Bailey, who is currently head of the Financial Conduct Authority, also said it would be “hard to imagine” the UK not being granted equivalence by the EU after the post-Brexit transition period ends in December.
Appearing before a House of Lords committee, Bailey said that the bigger challenge would be establishing how the two sides deal with the inevitable divergence and disagreements that would arise.
Under current EU rules, the bloc can grant equivalence to countries which it deems to have a regulatory framework as stringent as its own, but can also unilaterally withdraw that equivalence with 30 days’ notice.
“You would want to have a mechanism to say OK, let’s sit down and talk about what we’re doing here,” said Bailey, who is due to take over from Mark Carney in Threadneedle Street in March.
“If that ended up in a sort of metaphorical punch-up every time and a threat to withdraw equivalence, that process would just not work properly.”

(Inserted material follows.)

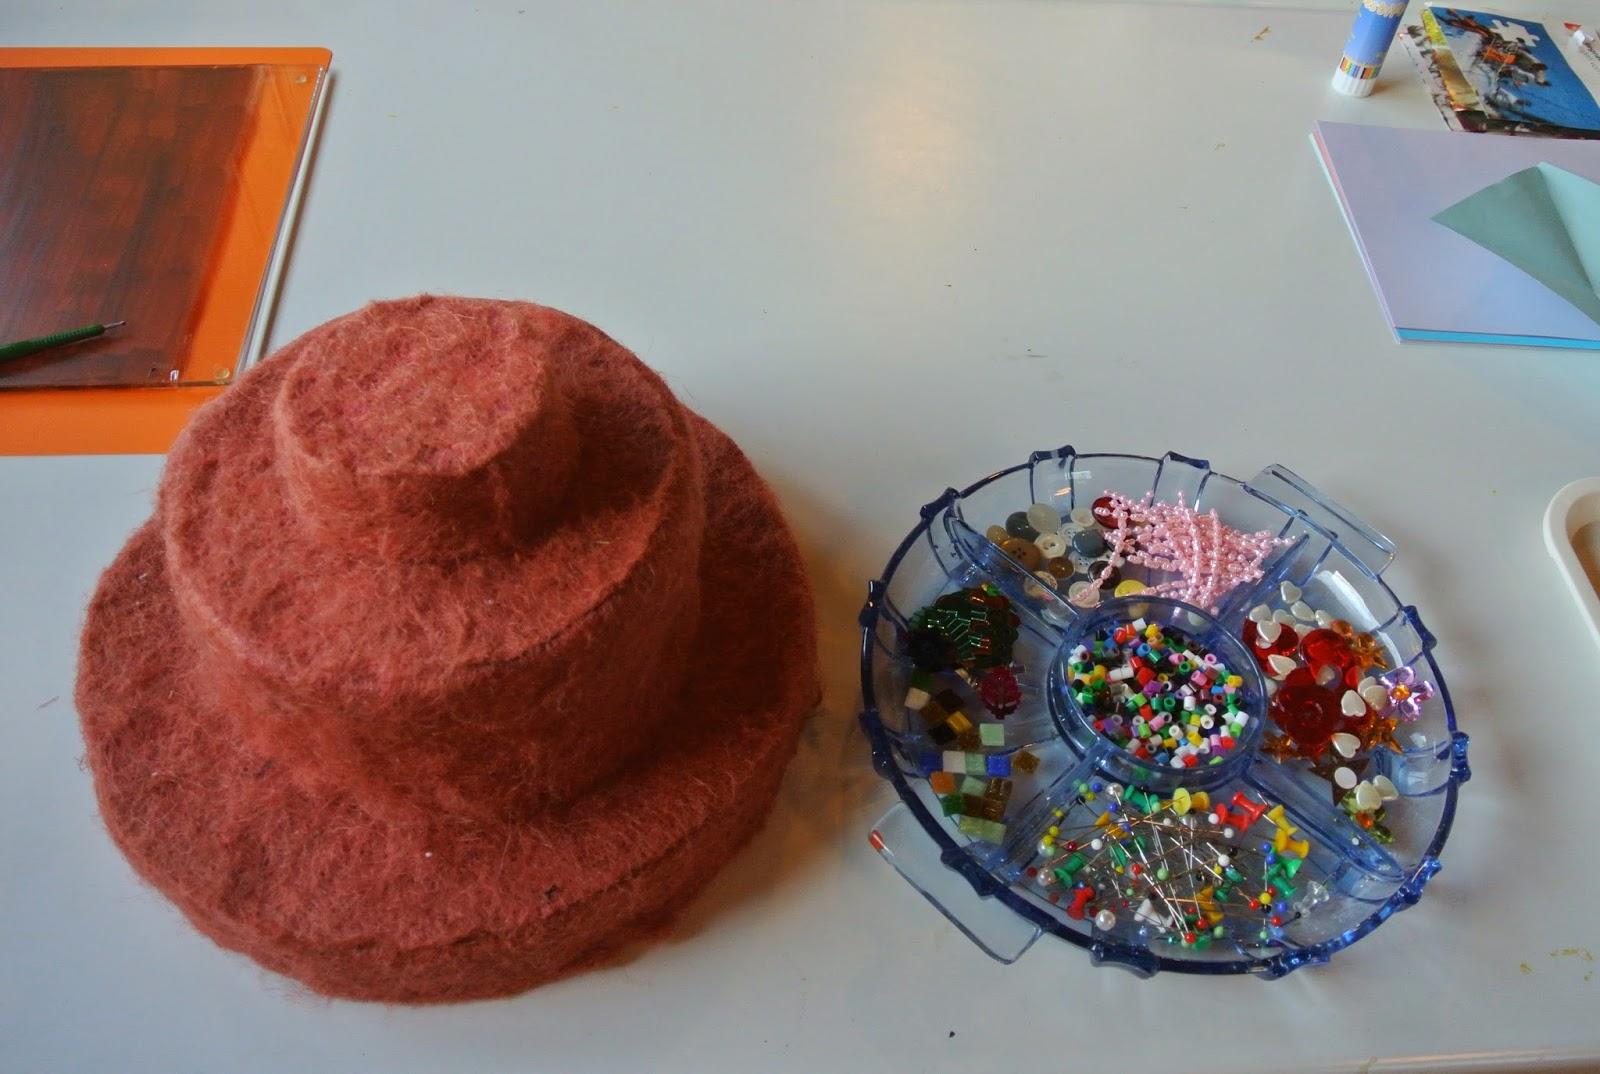 Artis kreativ werkstatt - Kuchen dekorieren ...

Bank of England deputy governor Sam Woods, who spoke at the same hearing, said the risk that the EU could withdraw equivalence with just a month’s notice would deter cross-border activity.
“The firms are going to be quite reluctant to put much weight on it so I do hope that it will be possible to agree something more durable,” he said. “But whether that will be the case in the negotiations, hard to say.”
Woods said that the UK should be “concerned” about the possibility of the bloc taking a “mercantilist” approach to regulatory disputes in a bid to grab business from London.
“It is something that we should be concerned about, because plainly I think it could occur,” he said. [...]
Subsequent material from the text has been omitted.